Bengrina rend hommage à la femme agressée qui a brandi son portrait

Le candidat à la présidentielle, Abdelkader Bengrina, a profité du tapage médiatique et de la vague d’indignation sur les réseaux sociaux, suscité, par l’agression d’une femme brandissant un portrait de ce candidat par des citoyens opposés à l’animation d’un meeting par le chef du Mouvement El-Binaa à Boumerdès, dans le cadre de sa campagne électorale, pour le scrutin de la présidentielle du 12 décembre prochain, pour adresser des critiques au mouvement populaire pacifique, et aussi aux partis et acteurs de la société civile. Au siège du parti à Dély Brahim, Bengrina a rendu un hommage devant les journalistes à Nabila Ata-Allah, venue avec sa famille. « En Algérie, il y a des gens qui se proclament démocrates, mais qui n’ont rien à voir avec la démocratie ». À l’adresse des partis de l’opposition qui n’ont pas « daigné dénoncer » cet acte commis contre un candidat à la présidentielle, il leur dira « ce n’est pas tous les gens au Hirak qui sont contre les élections » et d’affirmer « nous aussi, nous faisons partie du Hirak » avant d’ajouter que « ceux qui infiltre le Hirak pour dire non aux élections sont ceux qui ont été protégés pendant longtemps par les empires de l’argent et de la corruption » affirme le candidat Bengrina.

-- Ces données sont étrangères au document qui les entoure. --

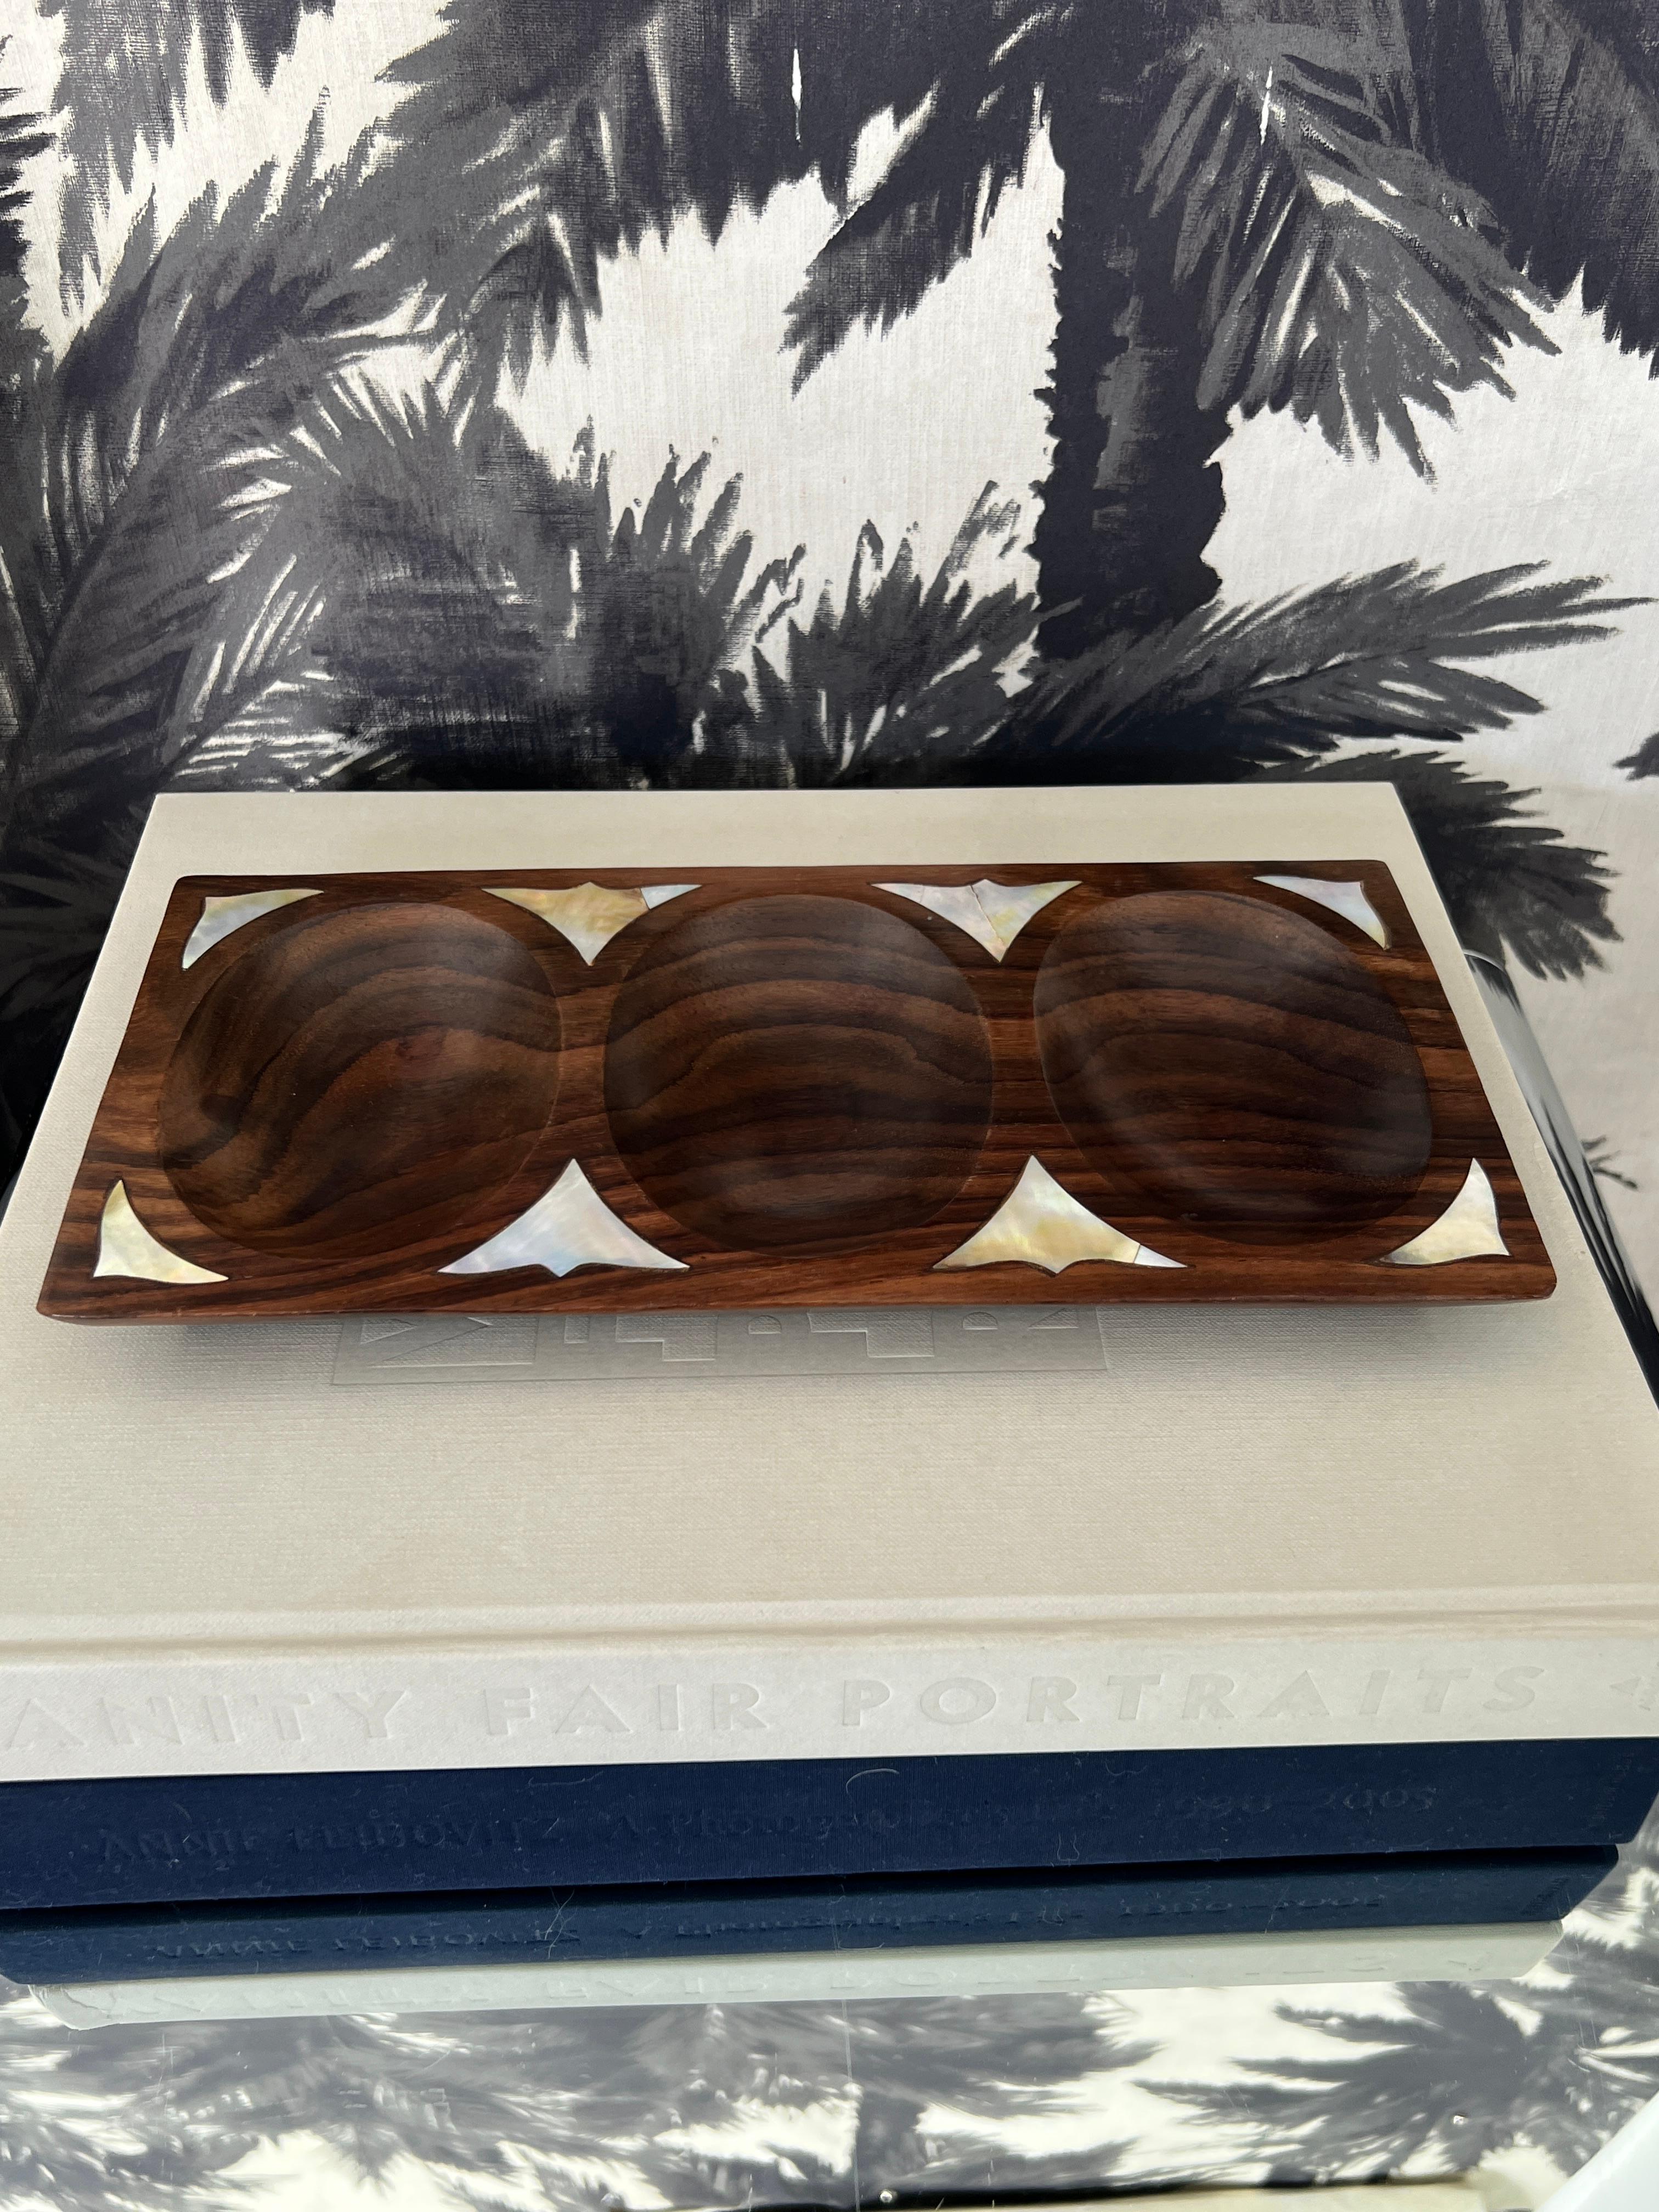 Skandinavisch-modernes geteiltes Serviertablett oder Auffangschale. Das aus einem einzigen Stück Palisanderholz handgefertigte Tablett weist geometrische Intarsien aus exotischen Perlmuttmuscheln auf. Mit drei handgeschnitzten Fächern, die die

Pour rappel, le candidat à la présidentielle du 12 décembre, Abdelkader Bengrina, a eu un accueil peu chaleureux, avant hier, dans l’après-midi, alors qu’il s’apprêtait à tenir son meeting électoral à Boumerdès. Des dizaines de citoyens se sont rassemblés devant la maison des jeunes, Sennani Saïd, lieu du meeting de Bengrina, pour dénoncer sa venue et exprimer leur opposition au scrutin de la présidentielle, avec les cris de “Bengrina dégage ! » «Makache el vot  (il n’y aura pas de vote :Ndlr)! » ou “Ba3ouha ya 3li”, (ô Ali, « allusion au martyr Ali La pointe) ils ont vendu le pays). Ce n’est que vers 15H30, que Bengrina et son équipe ont pu tenir leur meeting, suite à l’intervention des Forces de l’ordre. Prenant la parole, le candidat a déclaré devant ses sympathisants que « des résidus de la 3issaba (la bande Ndlr)  activent toujours au sein des Institutions de l’État pour empêcher tout changement » dans le pay.
H. M.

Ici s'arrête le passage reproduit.